Sowers Abstract Herculean Centos
Brian Sowers
Herculean Centos: Myth, Polemics, and the Crucified Hero in Late Antiquity
The period of late antiquity (200-600 CE) marked the development of new literary genres, including centos, patchwork poems that stitch together Homeric and Vergilian lines to create new poetic wholes. The authorship of most of the two dozen extent Greek and Latin centos remains unknown, although they were composed throughout the later Roman empire, from Gaul to North Africa, Italy to Palestine. As poems that are intrinsically intertextual, centos reveal how late antique authors read and wrote allusively charged poetry.
This paper contributes to the growing interest in late antique centos by approaching three centos that evince thematic similarities but dissimilar literary interests: Irenaeus’ cento (Haer 1.8-9), the sixteen-line Hercules et Antaeus, and Proba’s Christian cento. In Sowers' reading, these centos reveal how late antique authors, situated variously inside and outside the church, used Hercules to promote their literary and ideological agenda. As the first critical analysis to treat these three centos as a thematic set – and the first to treat Hercules et Antaeus in any detail – this paper models a new way to read centos as a whole.

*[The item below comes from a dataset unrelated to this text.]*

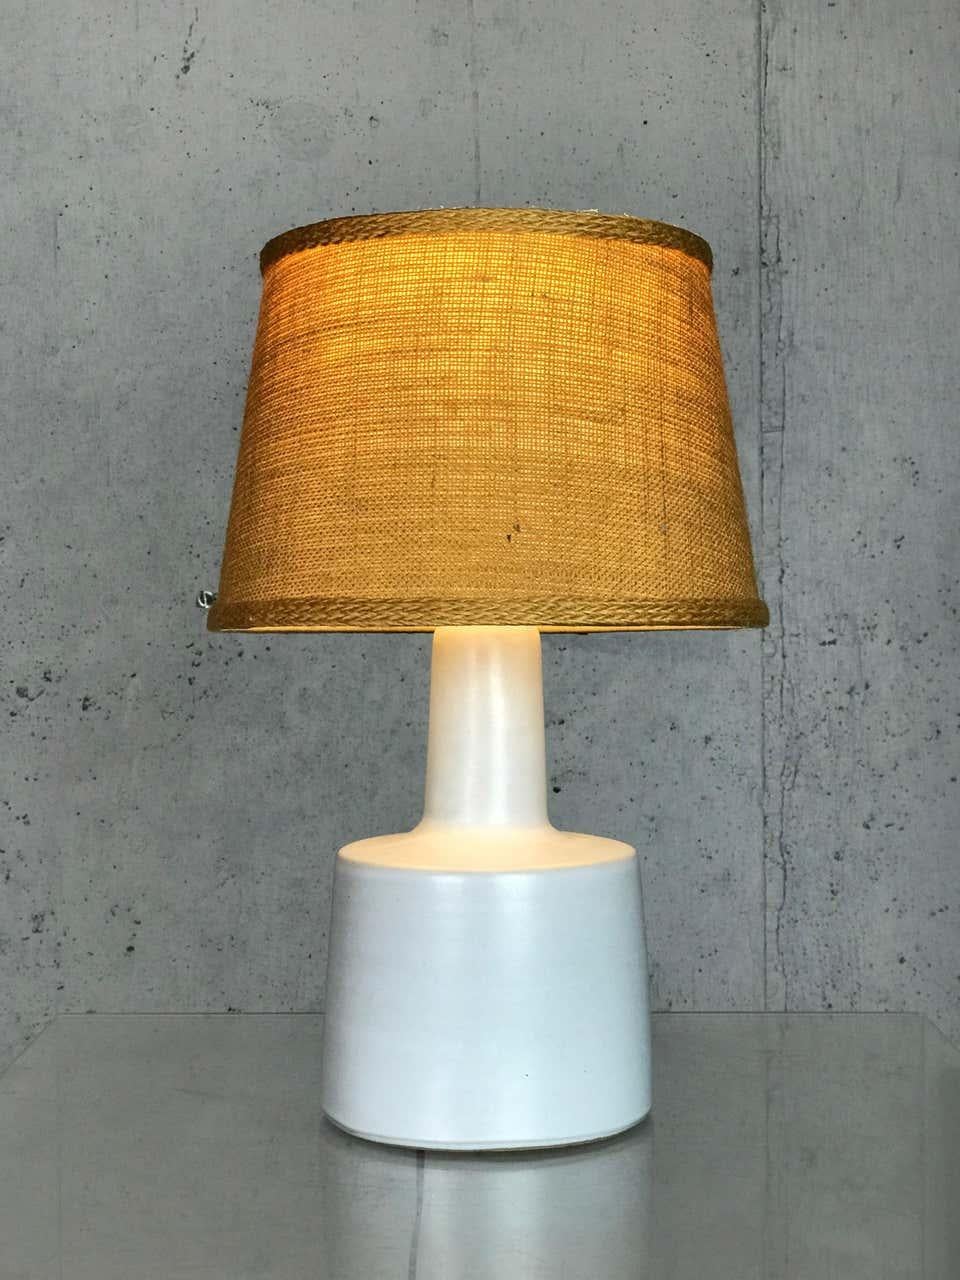 Ceramic Petite Table Lamp by Jane and Gordon Martz for Marshall Studios

Irenaeus’ cento functions as a hyperbolic parody of heretical exegesis, demonstrating how clever authors impose their own ideas into narratives that educated readers recognize to be out of place. In Irenaeus’ example, readers of Homer know that he never related Hercules’ adventures in the underworld; likewise, educated Christians perceive heretical interpolations into proto-orthodox texts or heretical patchwork pieces cobbled together from proto-orthodox originals.
As an example of how the Herculean cycle was interpreted and paraphrased, Hercules et Antaeus provides a useful contrast to Irenaeus’s cento. In Sowers' reading, Hercules et Antaeus reflects, arguably, the most popular use of centos: to retell classical myths, including Medea, Narcissus, Europa, and Hippodamia.
Proba’s cento – a paraphrase of Hebrew Bible and the gospels – borrows Vergilian lines about Hercules in her intertextually rich depiction of Jesus, his crucifixion in particular. Whereas Irenaeus rejects exegetical models that integrate disparate contexts (and threaten proto-orthodox Christianity), Proba reflects a different, more complex literary theory. Accordingly, Proba’s Jesus is simultaneous Vergilian, Herculean, and biblical.